Marmor, Stein und Eisen bricht...
Liebe und Freundschaft leider auch: es ist hart, jung zu sein in den späten 1970ern, in einer Zeit, in der für Eltern und Großeltern Krieg und Verlust noch mehr als lebendig sind, der Zeit des wirklich ...
Liebe und Freundschaft leider auch: es ist hart, jung zu sein in den späten 1970ern, in einer Zeit, in der für Eltern und Großeltern Krieg und Verlust noch mehr als lebendig sind, der Zeit des wirklich und wahrhaftig eisKalten Krieges, der jeden Tag losgehen konnte... und der Zeit des Krieges in Deutschland. Ja, dieses Buch spielt im Jahr des deutschen Herbstes, in dem viele von uns, die damals jung waren, ein Stück erwachsener wurden. Wer sich zurückversetzen will in diese schwierige und doch so lebendige Zeit, der kommt um dieses Buch nicht drumherum.
Sommer und Herbst 1977: Erzählt wird aus der Perspektive des 13jährigen Johann, der liebt : schmerzvoll und seit langer Zeit. Objekt seiner Begierde ist die Nachbarstochter Tilda, schon fünfzehn, die mit ihm den Molly macht - ihn springen lässt, wie es ihr beliebt... und auch ihrerseits verliebt ist, nur nicht in Johann, sondern in den gleichaltrigen Sebastian.
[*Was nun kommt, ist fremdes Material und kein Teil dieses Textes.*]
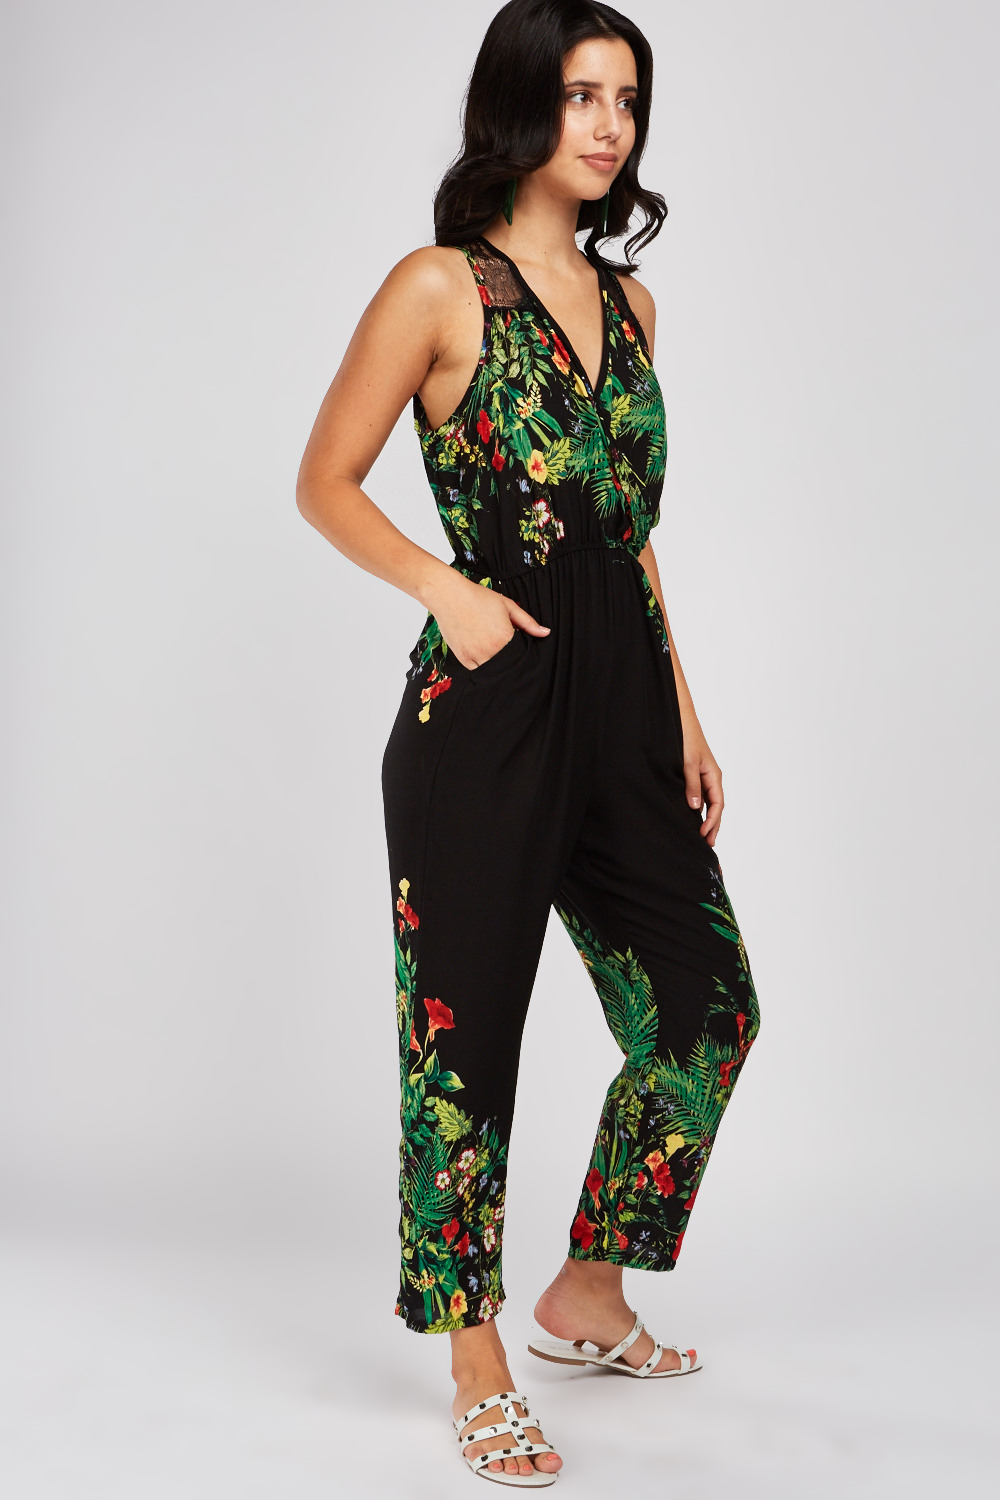 Tropical Print Lace Trim Jumpsuit - Just $6

Eine Dreiecksgeschichte voller seltsamer Begierden, Entwicklungen, Ränke und Hoffnungen - und immer schwebt der Zeitgeist über allem. Andreas Baader - Bedrohung oder fast Pop-Star? So unterschiedlich sind die Wahrnehmungen der Akteure, aber auch diese ändern sich von Tag zu Tag - man ist schließlich in der Pubertät, da darf man das.
Was Jelle Behnert hier schreibt, das trifft ganz, ganz tief ins Mark - mich jedenfalls. Es schockiert, macht betroffen, befangen, erheitert, verblüfft, verärgert, verstört... und lässt vor allem Erinnerungen an eine längst vergangen geglaubte Zeit aufkommen, eine Zeit der Unsicherheit, der inneren Unruhe, unendlich vieler Ängste - aber auch an eine Zeit der Hoffnungen: das Leben lag ja noch vor einem.
Richtig, auch ich war 13 in diesem schicksalhaften Jahr 1977, was das Buch für mich ganz besonders ergreifend, begreifend und zugreifend werden lässt ... doch ich bin sicher, es lässt keinen so ganz kalt. Es polarisiert unendlich und Jelle Behnerts Sprache, die mich tief berührt, mag auf andere abstoßend wirken. Doch das ist wahre Literatur, die lange, lange in mir nachwirken wird, mit der ich leben werde.
Warum dann keine bedingungslose Begeisterung von meiner Seite - ganz einfach: es waren Kleinigkeiten, die nicht ganz reinpassten, nichtsdestotrotz mein Lesevergnügen aber ein wenig hemmten - unzeitgemäße Begriffe wie "Cliffhanger", die 1977 im deutschen Sprachraum sicher noch nicht verwendet wurden, Unstimmigkeiten in bezug auf Johanns Alter, dies und das eben - nichts Großes, aber es summierte sich halt.
Trotzdem ein Buch, was ich vor allem der in den 1960ern geborenen Generation ans Herz legen möchte, aber auch allen anderen, die sich mal wieder wachrütteln, nein: die sich so richtig durchrütteln lassen wollen von einem ungewöhnlichen Stück deutscher Literatur.